She sighed. "Such a fascinating creature, but death...I wonder, Cicely," she asked, tilting her head, "How do you live with yourself? Your whole life is death - even you are dead in a manner of speaking. I should have ordered your execution when we first scanned you. Lucky I didn't input you into the Archetype. . .Angel Mallory."
Cicely snarled at her in fury. In an instant, Cicely had flown across the room, and when everyone's vision cleared, Cicely had pinned Mrs Wormwood by the throat on the opposite side of the room.
"You know nothing of me, Bane," Cicely snarled, in a voice that was so terrifying, most people in the room looked away in fear, including Maria. Cicely released her, and in an eye blink she was back beside Sarah Jane, and Maria was inching away from her.
"Angel Mallory is dead," she growled. "She died almost three hundred years ago. She is of no interest to you any more." She looked venomously at her.

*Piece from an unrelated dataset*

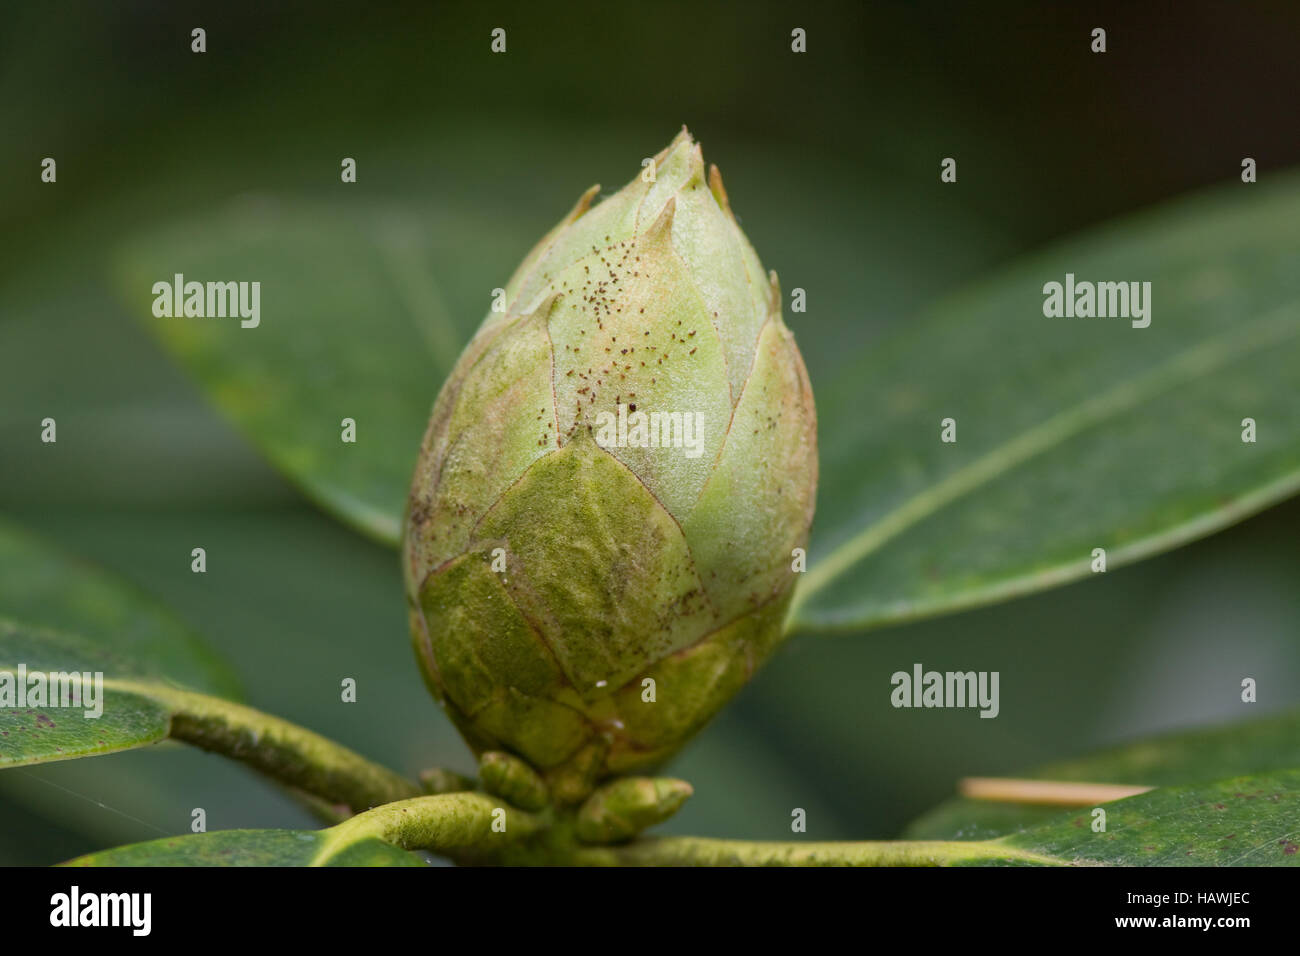 Rhododendron bud Foto Stock

"Cicely on the other hand might just have to tear your head clean off before the day is out."
There was no hint of any exaggeration in Cicely's voice.
"I warned you," Sarah Jane declared, watching Mrs Wormwood's cool appraisal of Cicely.
"Leave this planet."
"Have you met my mother?" Mrs Wormwood asked, brushing her leather suit off from bits of brick and dust where Cicely had rammed her against it, and with the other, pointing a finger at the ceiling.
Up in the rafters was a green, tentacled alien that Cicely had seen only once before, with a huge eye and a huge body.
It lunged slightly towards Sarah Jane, but Maria darted in front of her.
"Leave her alone!" she yelled.
"Maria, don't ever do that again!" Sarah Jane exclaimed.
The boy climbed down from the bus, and Mrs Wormwood sighed in relief.
"Oh, and she's brought us the Archetype," Mrs Wormwood said, eyes narrowing.
"He is a living thinking human being," Sarah Jane said furiously. "And you created him. What's he for, anyway?"
"He's an assembly," Mrs Wormwood declared, "Of thousands of different humans. A montage you might say. A collage. On every tour of the factory, we scan the guests, all ten thousand of them. We fed every strength and every weakness into him. The Archetype."
The boy said nervously, "I am everyone."
Mrs Wormwood nodded, a smug look on her face.
"But why?" Maria asked.
"For the other 2% who wouldn't touch Bane," Mrs Wormwood stated. "But since we've advanced our plans, he, is no longer needed."
And, with a cruel twist of her ring, the boy collapsed onto the floor.
"No!" yelled Maria, going to his side.
"He's only a boy!" Sarah Jane pleaded. "I'm begging you - let him go!"
"Oh that's so sweet," Mrs Wormwood simpered as Maria covered him with some sort of black material.
"But he's dying!" Maria gasped.
"And soon, you will join him," Mrs Wormwood said, satisfied.
"Like all our enemies. Our slave control is activated around the world. The time of Man is over. The time of Bane is come!"
Cicely looked at Sarah Jane.
"Please, let me rip her throat out. It'll be quick and humane."
"No," Sarah Jane said. "That's not how I work. I do not kill."
Cicely turned to her.
"If it's a choice between us or them, I pick us. Your concessions of mercy are going to get you killed."
Sarah Jane didn't reply.
"You failed, Miss Smith. This is where your lonely life is ending."
"Then she's not on her own!" Maria said defiantly and she whispered to Sarah Jane, "She's got me."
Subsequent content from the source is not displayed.